Эту свидетельскую функцию рассказчик от первого лица расширяет еще больше, превращая ее в символ (в том смысле, который сюда вкладывает Шаламов): «Разве в перчатке, которая приложена к истории болезни, не пишется история не только моего тела, моей судьбы, души, но история государства, времени, мира» (Ш II 284).
У кого есть право писать о лагере – этим вопросом задается и Леви. Лишь потерянная кожа, старая перчатка, имела бы такое право, подобно «канувшим» у Леви. Здесь уместно привести интерпретацию Тун-Хоэнштейн:
Строго говоря, лишь эта отмершая перчатка хранит то, о чем было известно заключенному, потому что на ней буквально вытиснены следы перенесенных страданий [492] .

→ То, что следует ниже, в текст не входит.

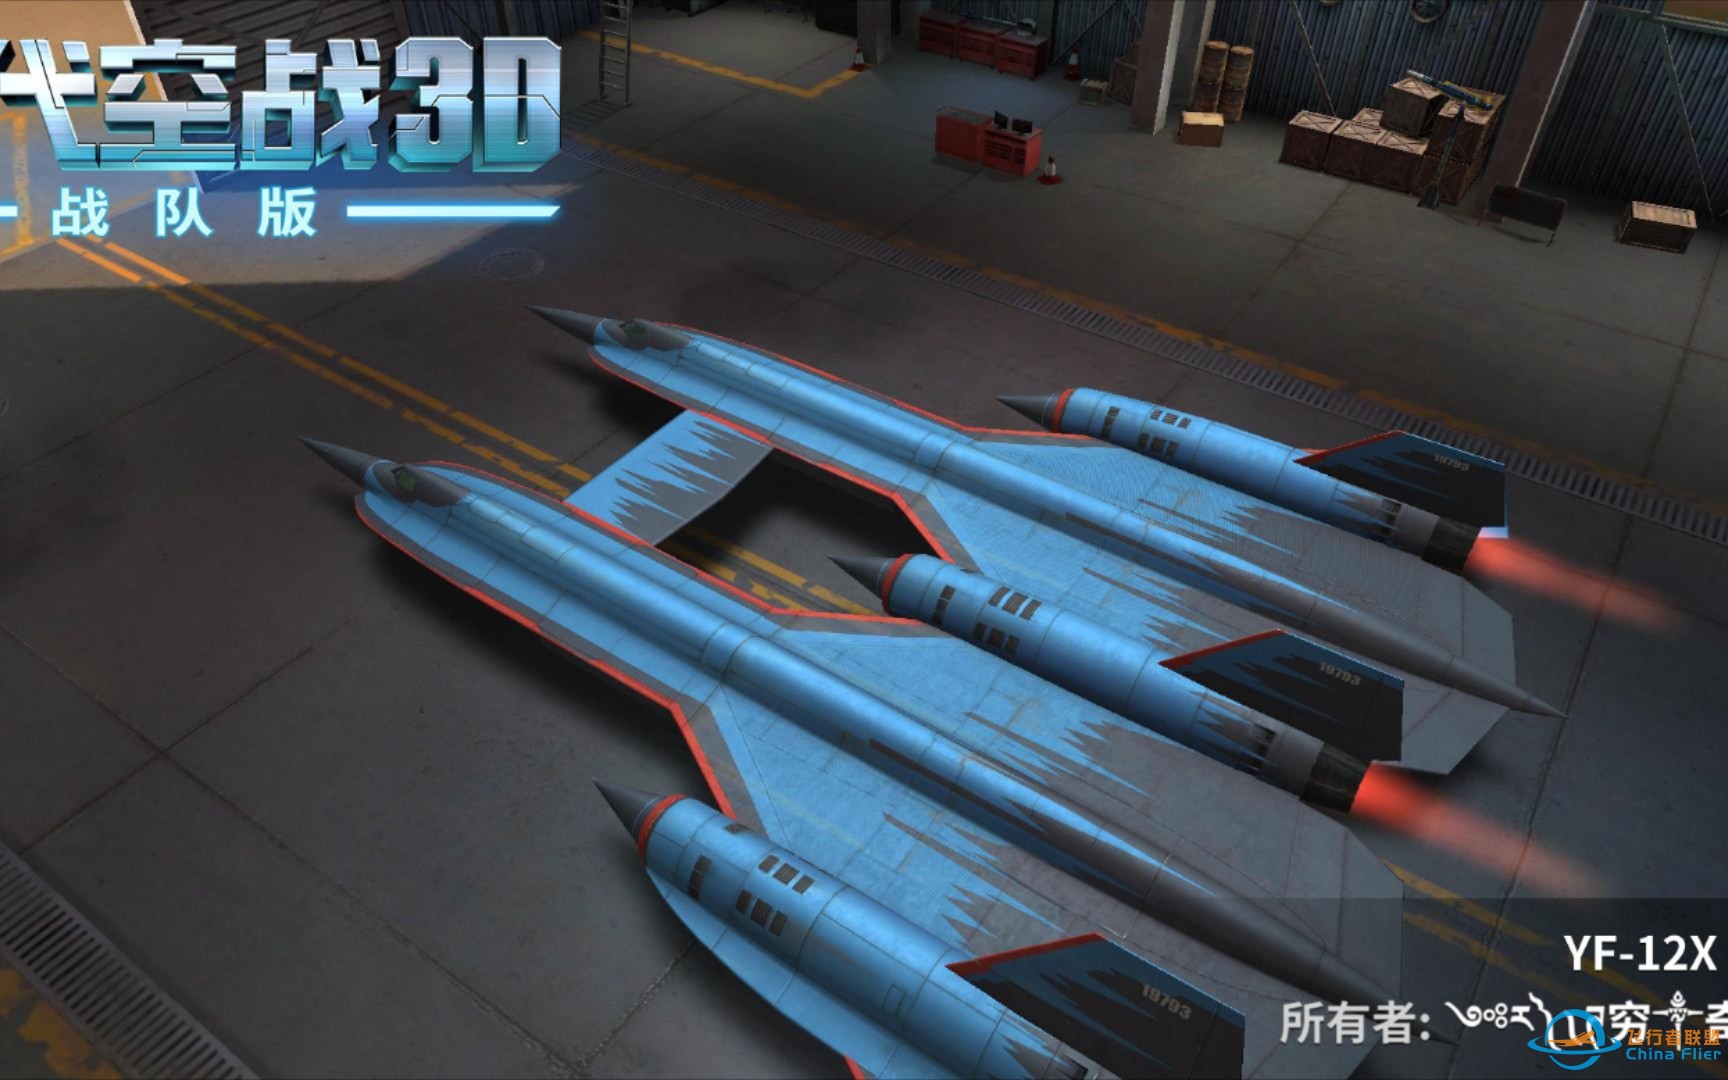 【罗辑】《现代空战3D》实战中导弹的实际伤害值究竟是多少呢-4740

Написать нефальшивый текст могла бы та, прежняя кожа, первая перчатка, двойник же пишет «из вторых рук», в более позднее время и очищенным языком. Шаламов разрабатывает это различие между изначально выстраданным (для которого язык остался недоступен) и последующим письмом с позиции выжившего, почти-выздоровевшего, который пишет в настоящий момент. «Та шкура сорвана с моего мяса, отслоилась от мышц, как перчатка, и приложена к истории болезни». И далее:
492
Thun-Hohenstein. Uberleben und Schreiben. S. 144.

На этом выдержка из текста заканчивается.